A maior empresa de meios de pagamentos do país abriu nesta terça-feira a temporada de balanços de empresas que fazem parte do Ibovespa reportando lucro líquido de R$ 298,2 milhões entre outubro e dezembro, aumento de 34,7% sobre um ano antes.

Em termos consolidados, que consideram resultados de outros acionistas, o lucro foi de R$ 362,8 milhões, alta anual de 26,5%. Foi a primeira alta trimestral do lucro da companhia no comparativo anual em dois anos.

 

O volume financeiro de pagamentos processados pela Cielo, de R$ 190,6 bilhões, foi apenas 0,3% superior ao de igual etapa de 2019, refletindo a crise provocada pela pandemia, e pelo foco em segmentos mais rentáveis, afirmou a companhia.

Nesse contexto, a receita líquida da empresa somou de R$ 1,31 bilhão, redução de 1,5% ano a ano, “refletindo o cenário de forte competição, que vem pressionando preços e margens no segmento de varejo”, diz trecho do relatório.

Porém, a Cielo conseguiu reduzir em 13,5% seus gastos totais no comparativo anual, para R$ 1,077 bilhão.
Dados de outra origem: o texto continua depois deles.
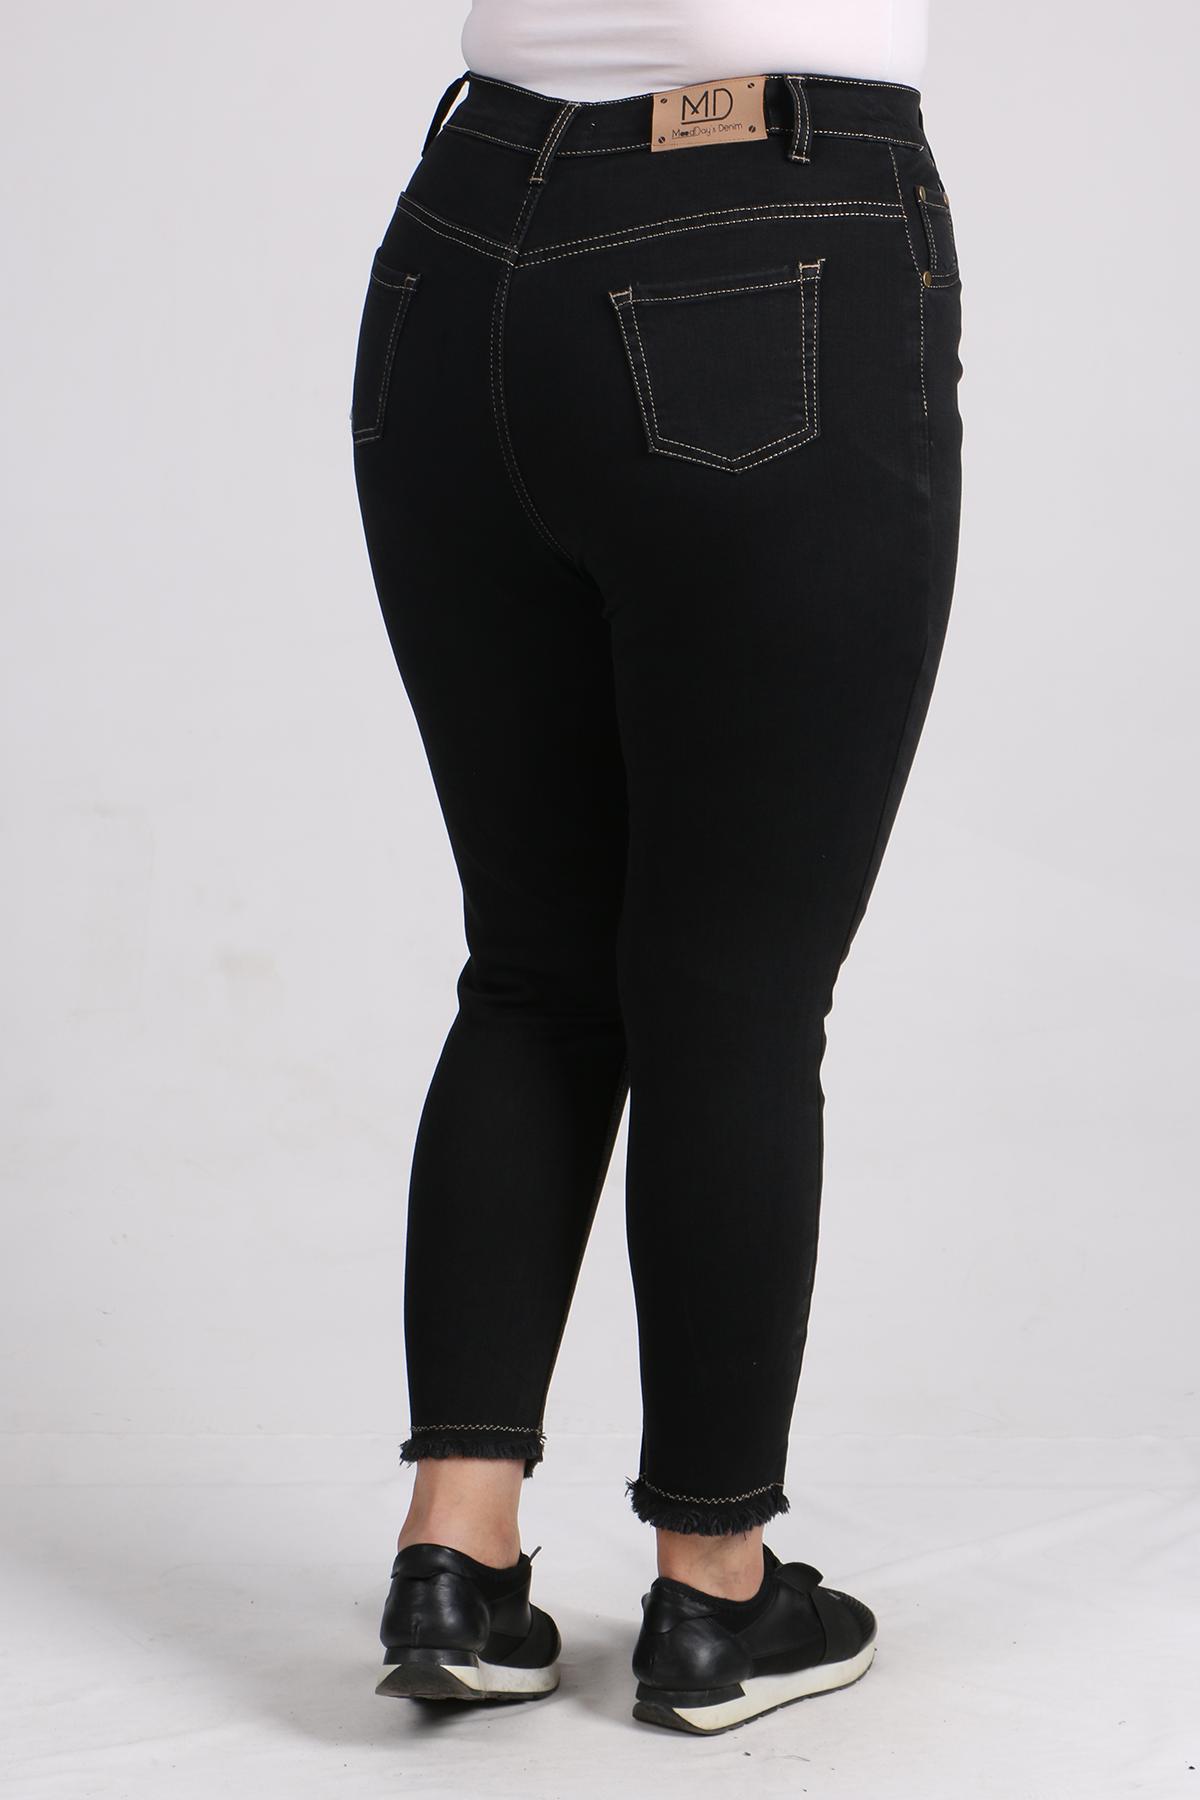 9112 Plus Size Skinny Leg Jeans - Black

E a ênfase nos segmentos mais rentáveis compensou a queda de 10,8% na base ativa no ano, a 1,406 milhão de clientes, o que a empresa atribuiu à mudança na política de concessão de subsídios para terminais de captura na modalidade de venda, o que impactou principalmente as afiliações no segmento de empreendedores.

Assim, o resultado operacional da Cielo medido pelo lucro antes de impostos, juros, depreciação e amortização (Ebitda) somou R$ 768,2 milhões, aumento de 16% sobre o quarto trimestre de um ano antes, com a margem Ebitda subindo 3,2 pontos percentuais, para 25,4%.

A empresa fechou o ano com liquidez total de R$ 4,2 bilhões, ante R$ 3,2 bilhões um ano antes.